**REQUIRED WORK**
Copy only what lies from the line containing "Αθλητικό παντελόνι σκούρο" through the line containing "A CORRIDA será" in the entries below, keeping both end lines exact and dropping every picture.

━━ EXCERPTED DATA ━━

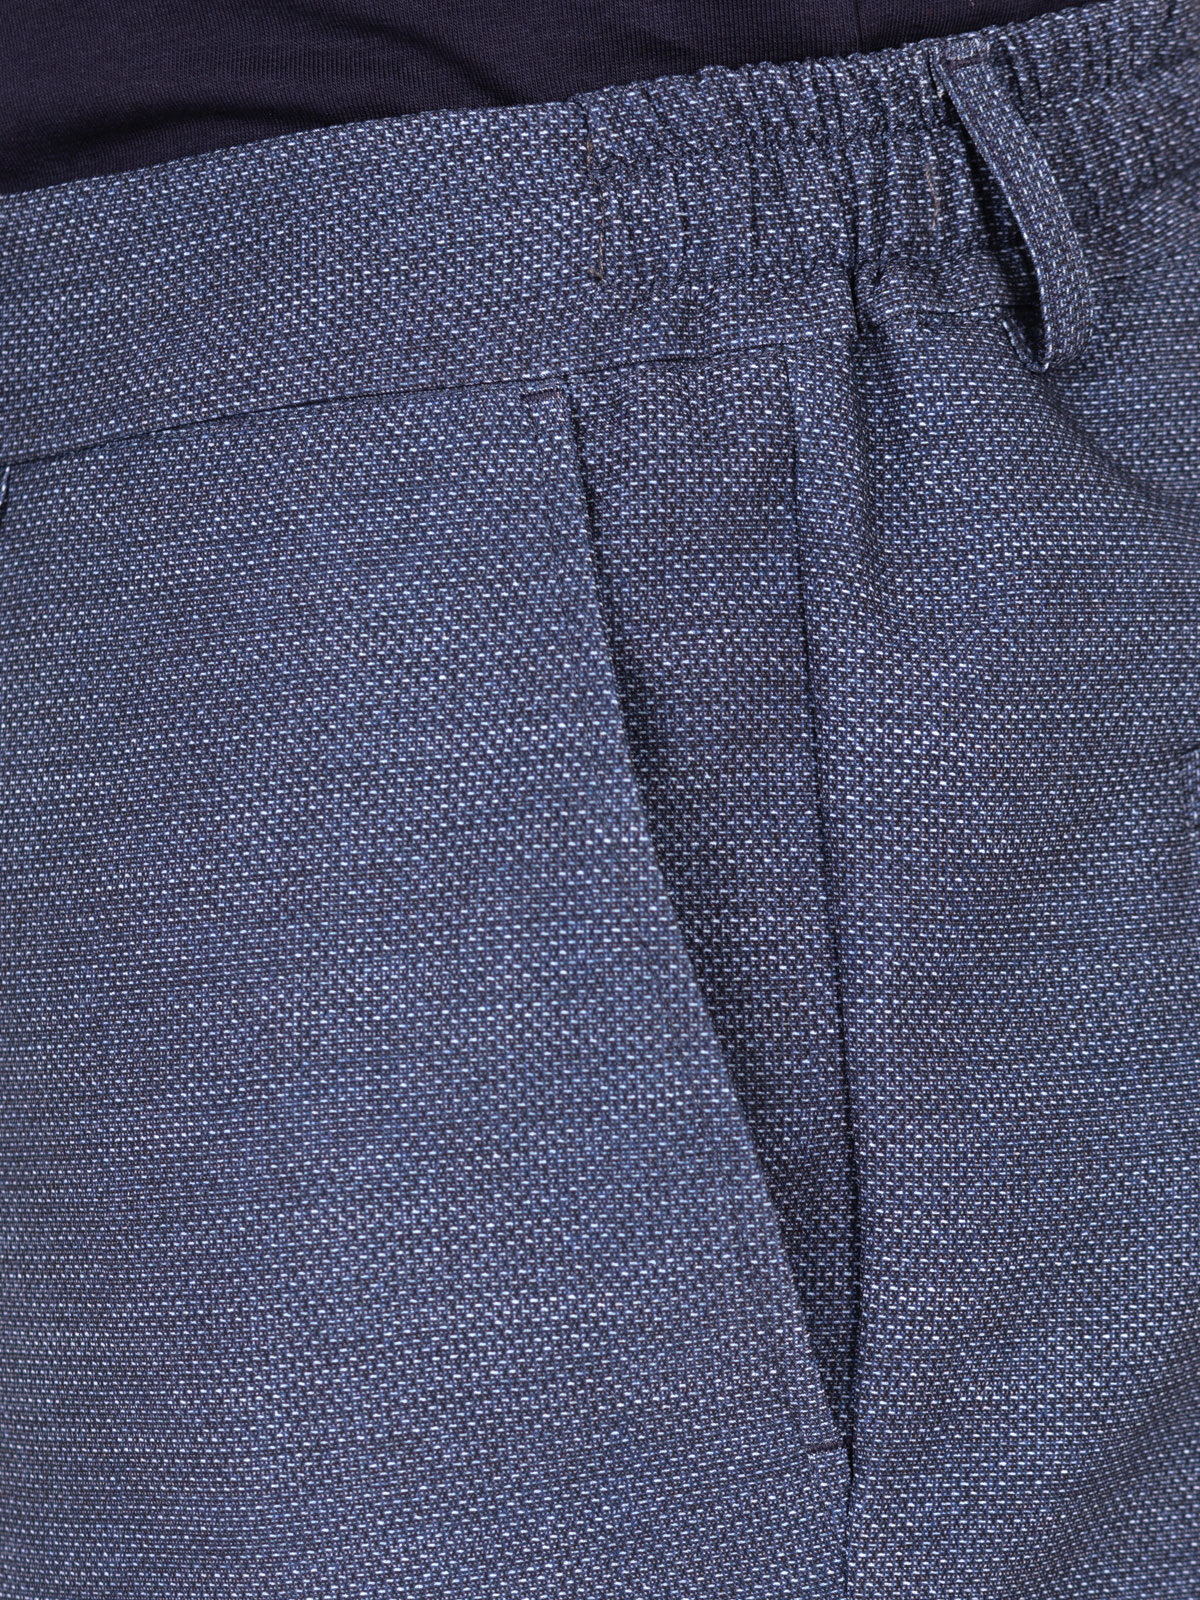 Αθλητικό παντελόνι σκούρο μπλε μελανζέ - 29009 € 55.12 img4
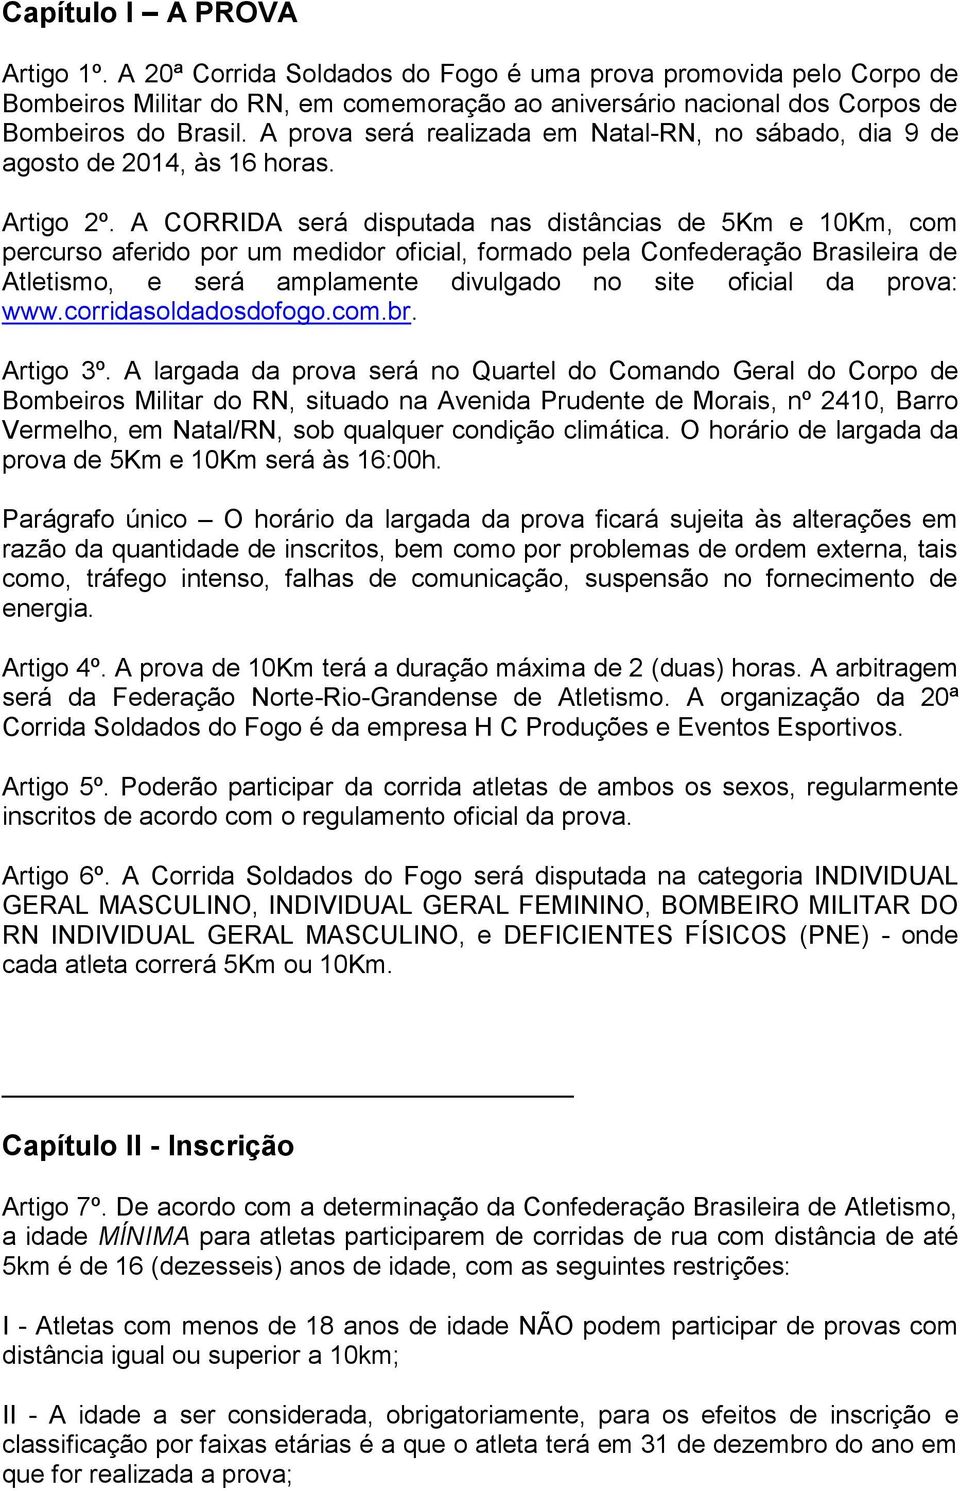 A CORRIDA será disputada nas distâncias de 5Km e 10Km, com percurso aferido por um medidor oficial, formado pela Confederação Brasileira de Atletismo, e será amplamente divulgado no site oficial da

━━━
━━ EXCERPTED DATA ━━

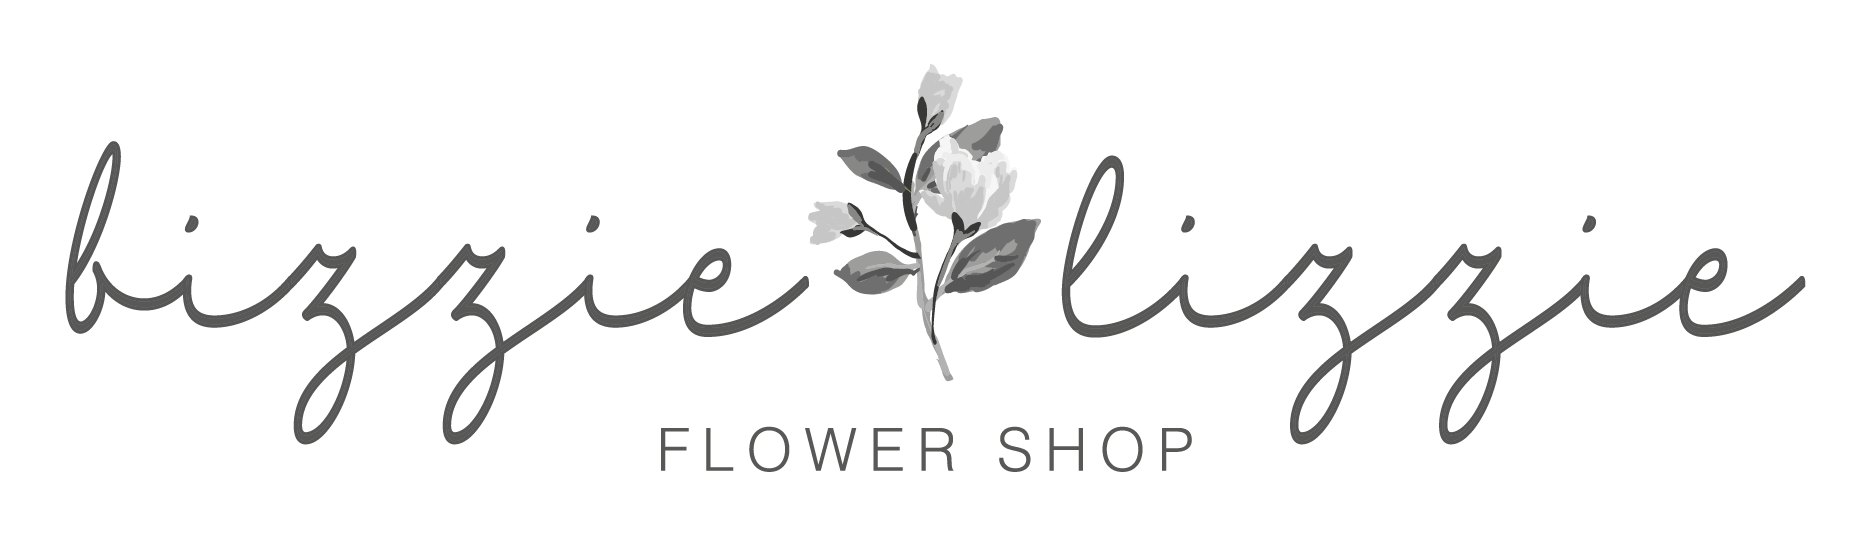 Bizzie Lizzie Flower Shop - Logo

━━━

**SOLUTION TO THE PROBLEM**
 Αθλητικό παντελόνι σκούρο μπλε μελανζέ - 29009 € 55.12 img4
 A CORRIDA será disputada nas distâncias de 5Km e 10Km, com percurso aferido por um medidor oficial, formado pela Confederação Brasileira de Atletismo, e será amplamente divulgado no site oficial da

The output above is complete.